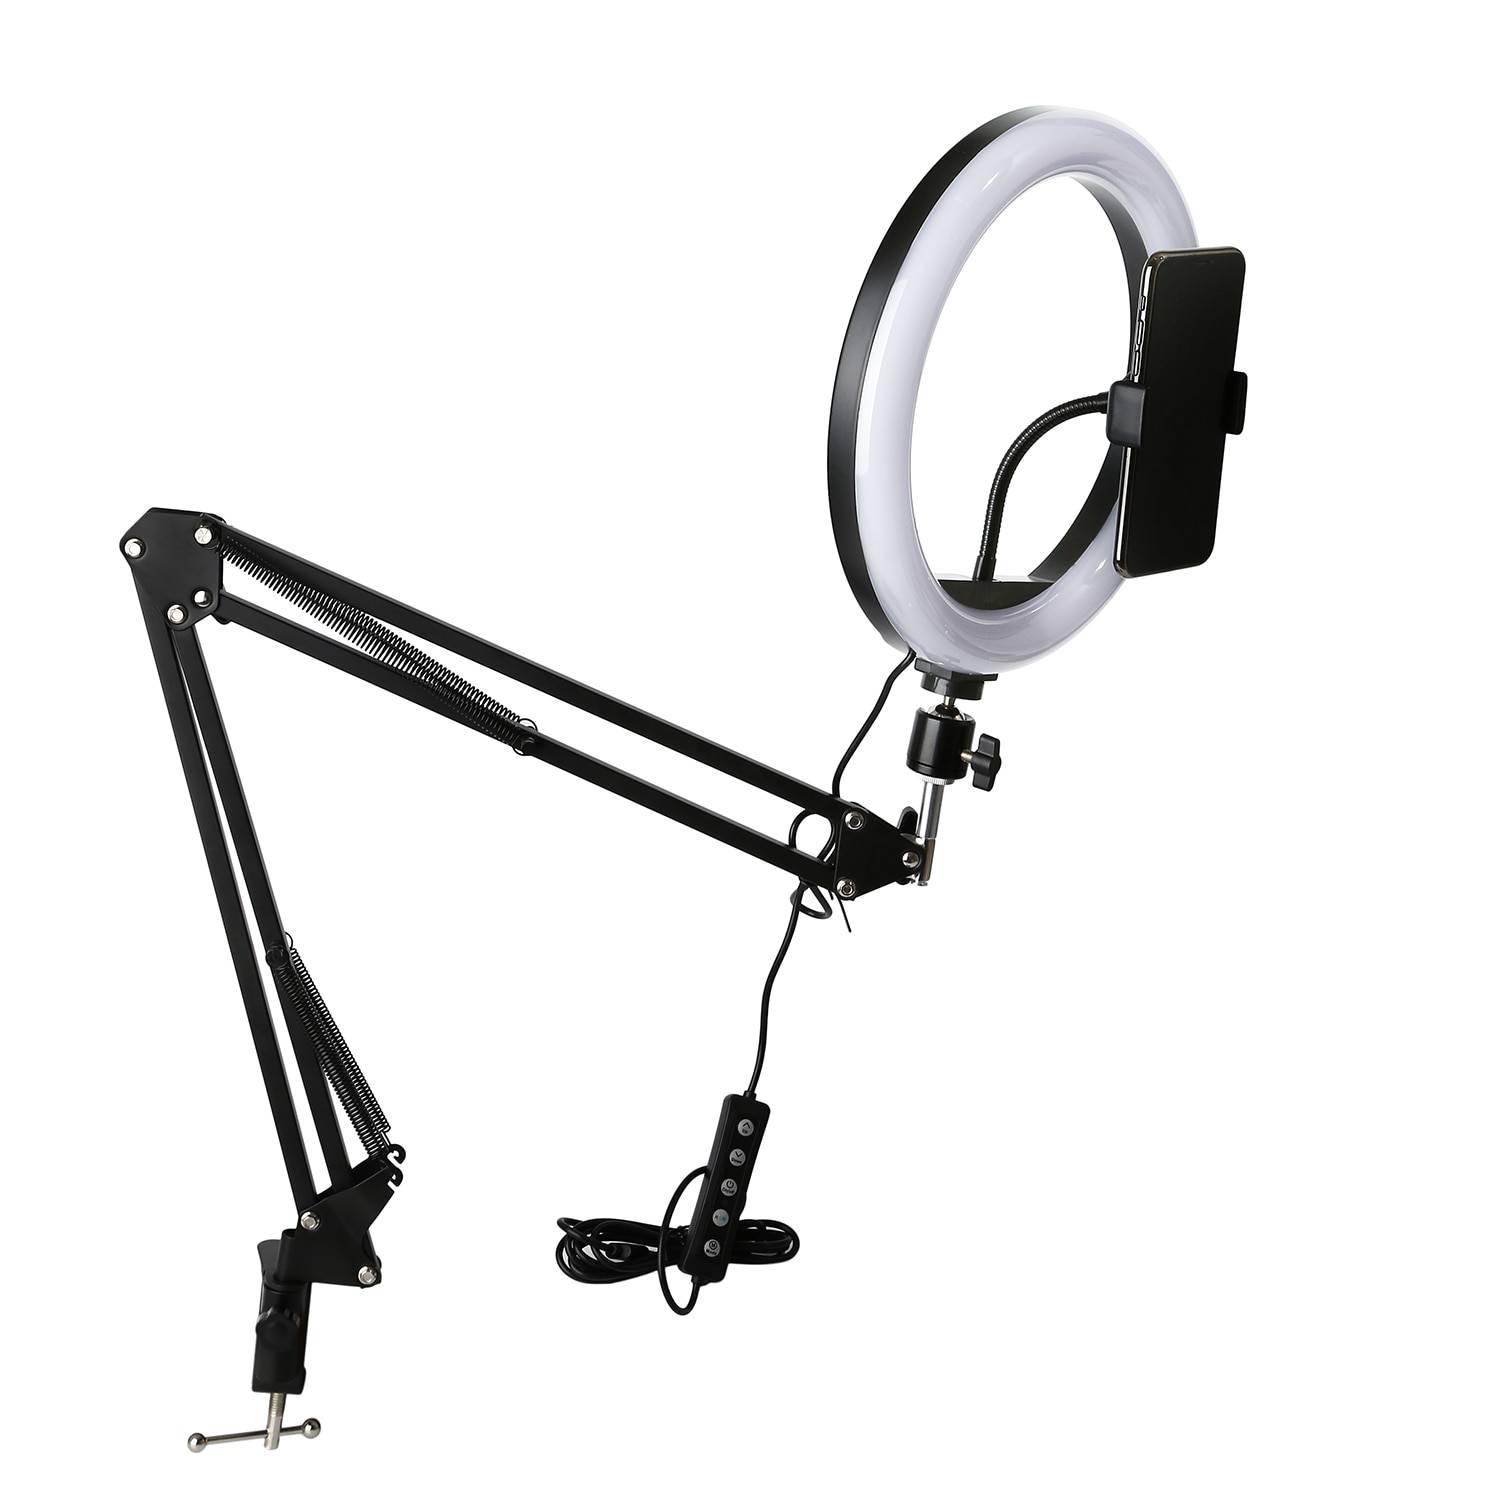 Photography Selfie Light 26cm 33cm Ring RGB Lamp With Long Arm Desktop Tablet For Phone Video Live Overhead shooting Manicure Desk & Table Lamps
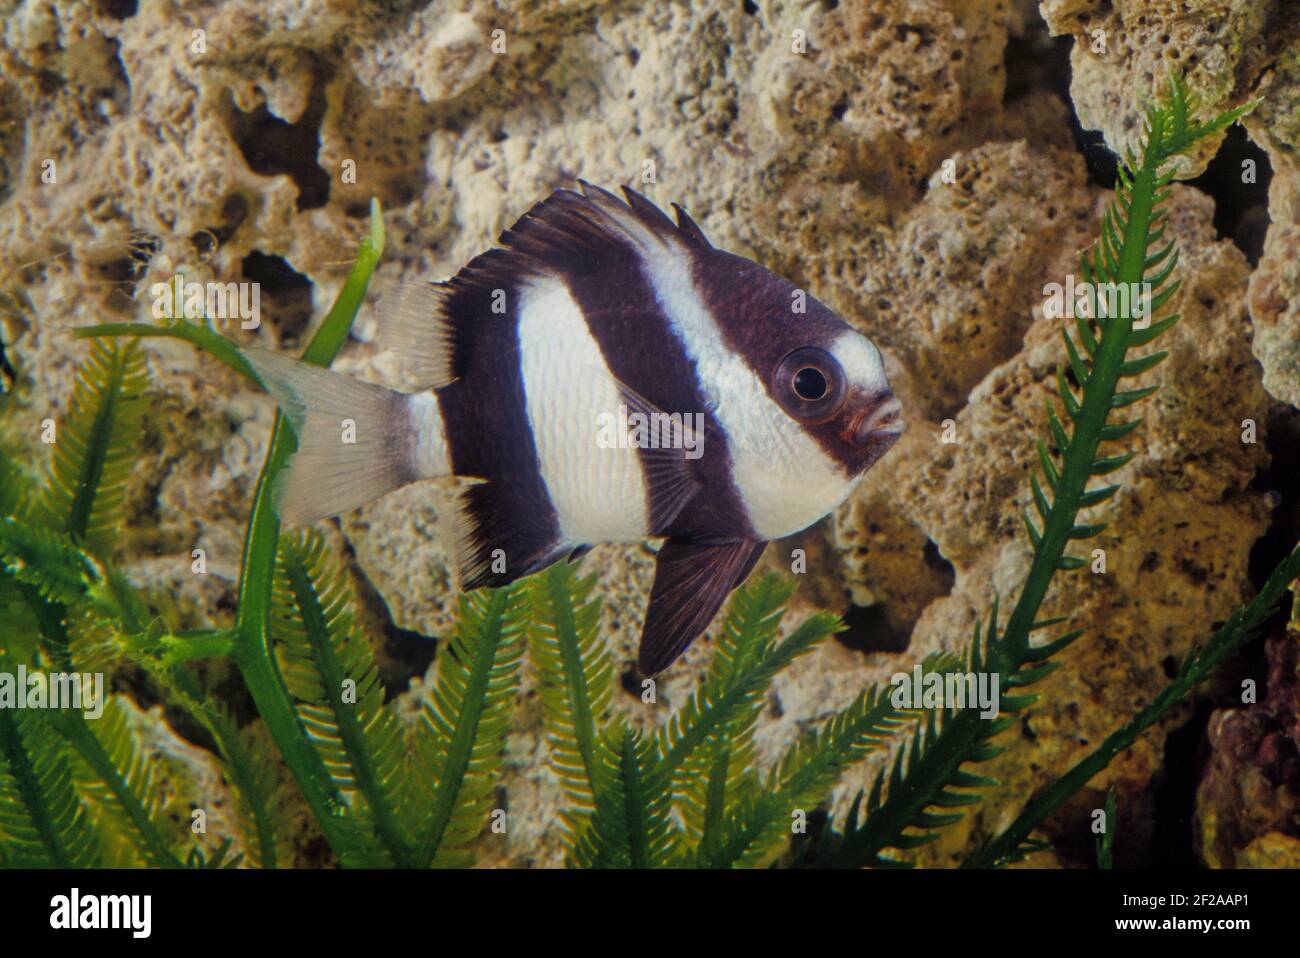 Dascyllus aruanus, known commonly as the whitetail dascyllus or humbug damselfish among other vernacular names, is a species of marine fish in the fam Stock Photo
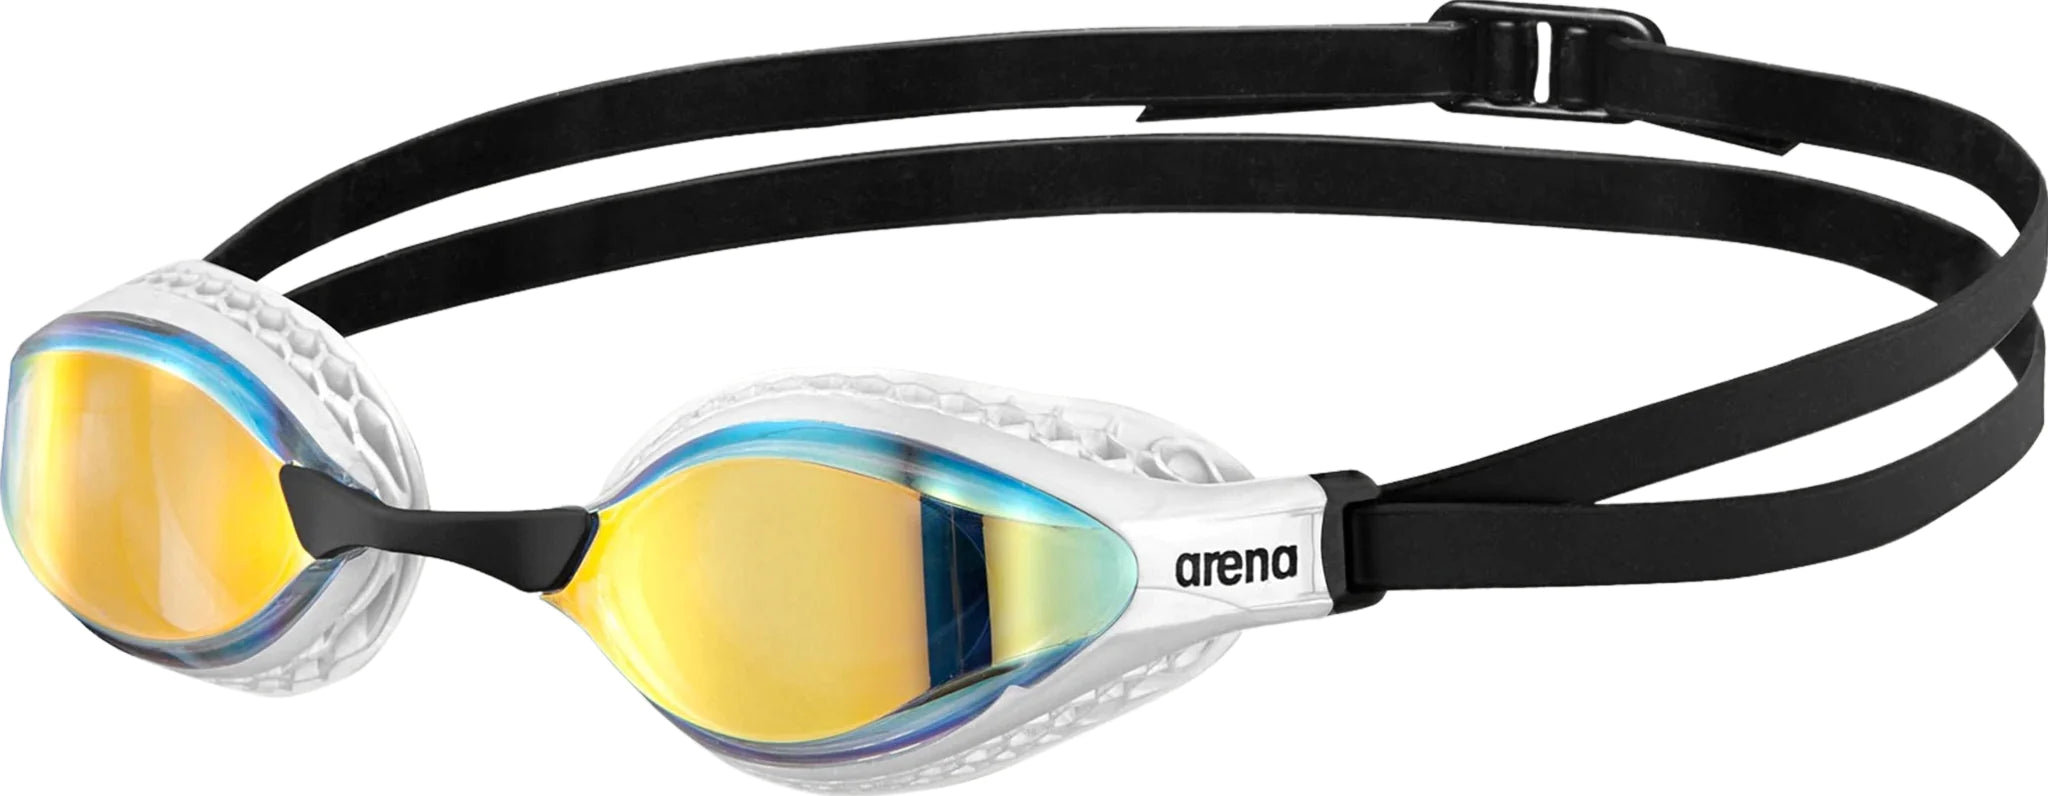 ARENA AIR SPEED MIRROR GOGGLES - YELLOW COPPER/WHITE

● ● ● ●

Leaving the pictures behind, return every line above exactly.

- _Response to the exercise_
 Photography Selfie Light 26cm 33cm Ring RGB Lamp With Long Arm Desktop Tablet For Phone Video Live Overhead shooting Manicure Desk & Table Lamps
 Dascyllus aruanus, known commonly as the whitetail dascyllus or humbug damselfish among other vernacular names, is a species of marine fish in the fam Stock Photo
 ARENA AIR SPEED MIRROR GOGGLES - YELLOW COPPER/WHITE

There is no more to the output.